Consider the following equation:
$x_1 + x_2 + \cdots + x_r = n,~~$ where $~~0\leq x_{i}\leq n, \forall i$
The number of integral solutions to the above equation = ${n+r-1 \choose r-1}$.
Consider the following result:
$\Sigma_{n=0}^{N} {n+r-1\choose r-1} = {N+r \choose r}$
The above result can be proved using induction. Is there an algebraic way of proving the above result? More importantly, is there an intuitive "combinatorial argument" that justifies the above result?
On
We have $N+r$ different doughnuts lined up in a row. How many ways can we choose $r$ of them for breakfast? We count this in two different ways.
The simple way gives $\binom{N+r}{r}$. We now count in a more complicated way.
Suppose that the $r$-th doughnut is the rightmost one chosen. Then there are $\binom{0+r-1}{r-1}$ ways to choose the remaining $r-1$ doughnuts.
Suppose that the $(1+r)$-th doughnut is the rightmost one chosen. Then there are $\binom{1+r-1}{r-1}$ ways to choose the remaining $r-1$ doughnuts.
Suppose that the $(2+r)$-th doughnut is the rightmost one chosen. Then there are $\binom{2+r-1}{r-1}$ ways to choose the remaining $r-1$ doughnuts.
And so on. Finally, if the $(N+r)$-th doughnut is the rightmost one chosen, there are $\binom{N+r-1}{r-1}$ to choose the remaining $r-1$ doughnuts.
Add up.
On
You asked about an algebraic proof. Consider the identity $$(1+x)^{-1} \cdot (1+x)^{-r} = (1+x)^{-r-1}$$ Expand everything by the Binomial Theorem for negative exponents: $$\sum_{i=0}^{\infty} x^i \cdot \sum_{n=0}^{\infty} \binom{r+n-1}{r-1} x^n= \sum_{N=0}^{\infty} \binom{r+N}{r} x^N$$ The coefficient of $x^N$ on the left hand side is $\sum_{n=0}^N \binom{r+n-1}{r-1}$; the coefficient on the right hand side is $\binom{r+N}{r}$.

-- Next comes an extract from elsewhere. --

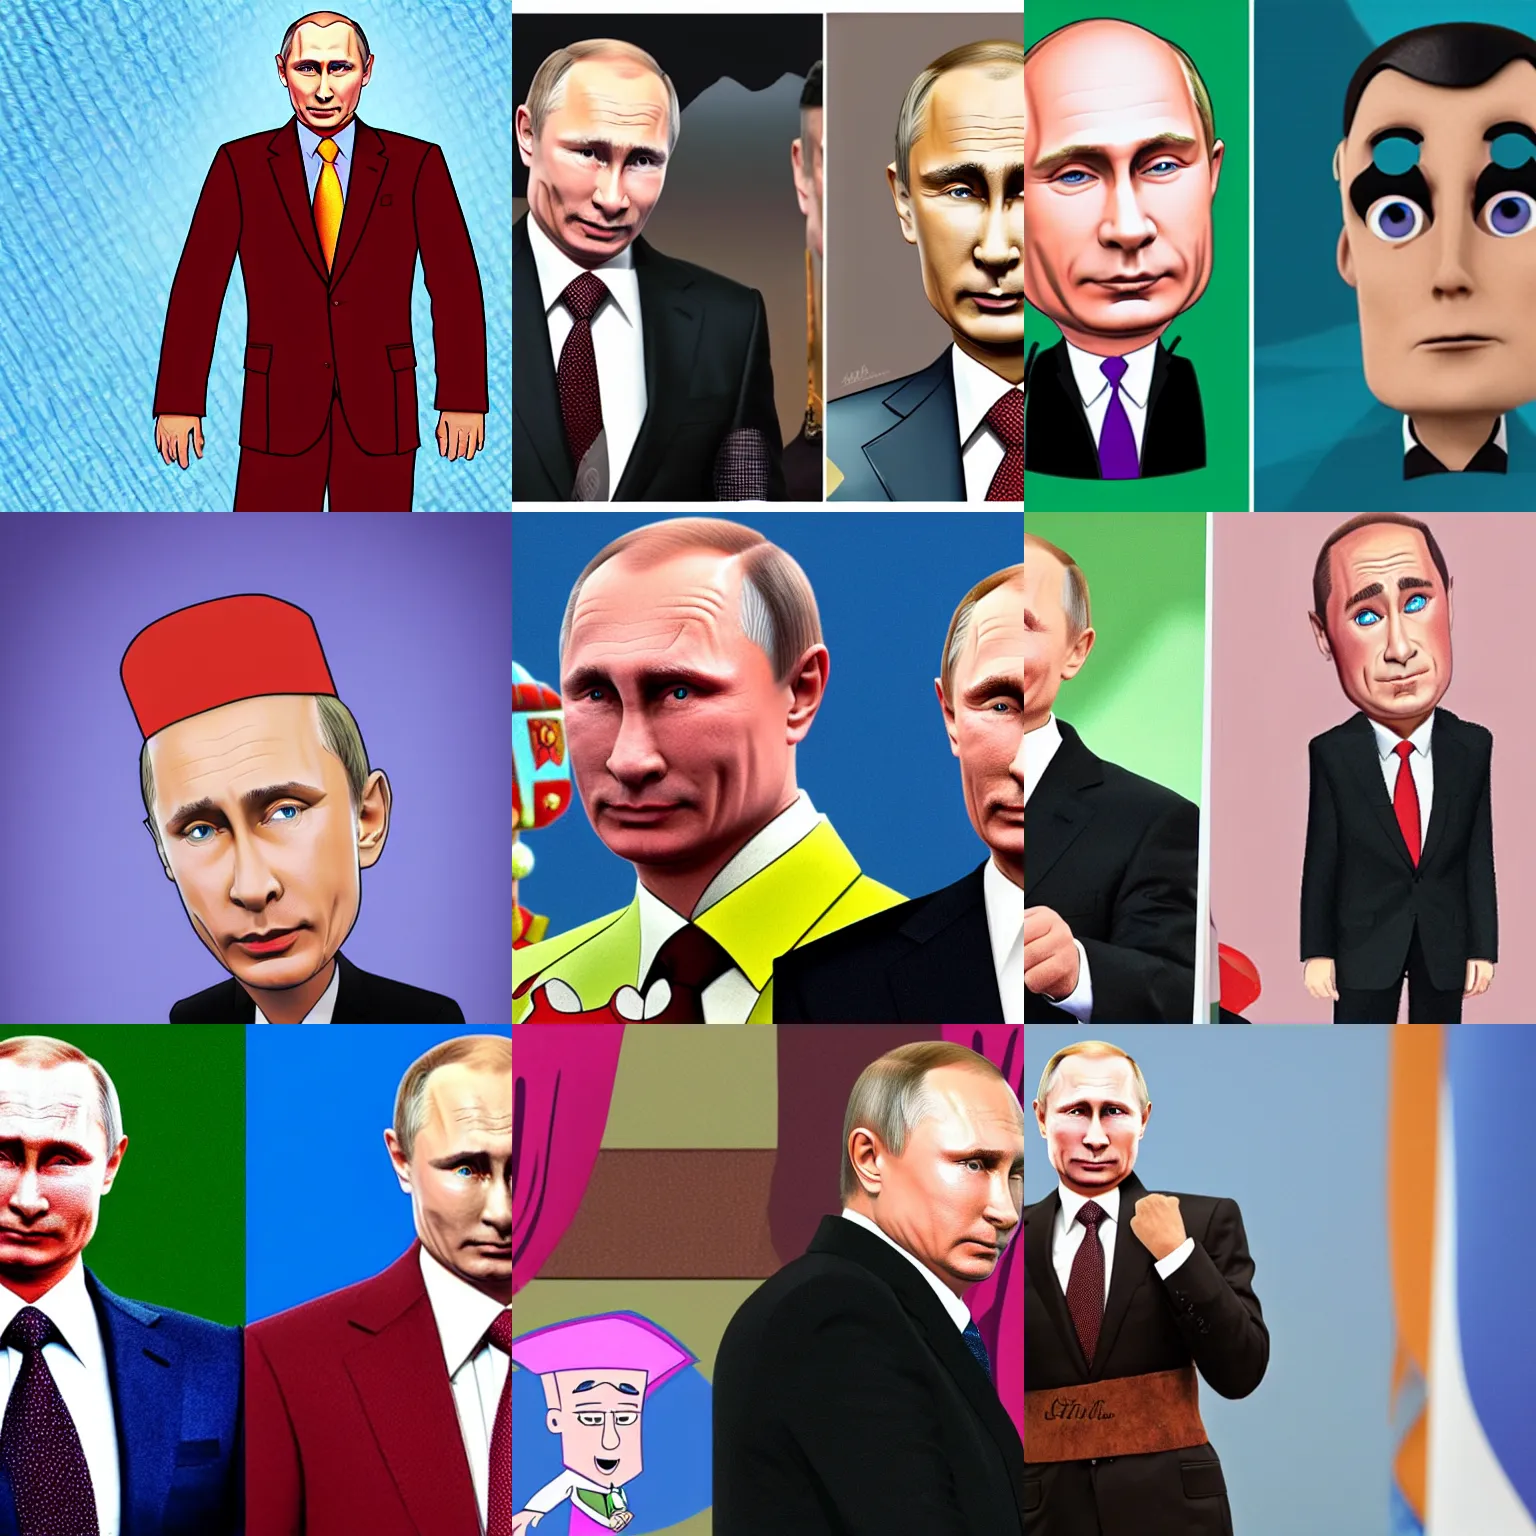 Prompt: Vladimir Putin stylized as Fairly OddParents

Regarding your second question, $\binom{N+r}{r}$ is the number of outcomes of selecting $r$ integers from $\{1,2,\ldots,N+r\}$. Suppose we want to organize these outcomes by the maximum integer selected. To count the number of outcomes whose maximum integer is $n+r$, then we need to select $r-1$ other integers from $\{1,\ldots, n+r-1\}$, so there are $\binom{n+r-1}{r-1}$ such outcomes. Adding up over all possible maximums $r,r+1,\ldots,N+r$, we have $\sum_{n=0}^N \binom{n+r-1}{r-1}$.
To see the connection to your first question, see the hint by Johannes. To count all possible ways to satisfy $x_1+\cdots+x_r=n$, you can organize them by the possible ways $x_1+\cdots+x_{r-1} \le n$.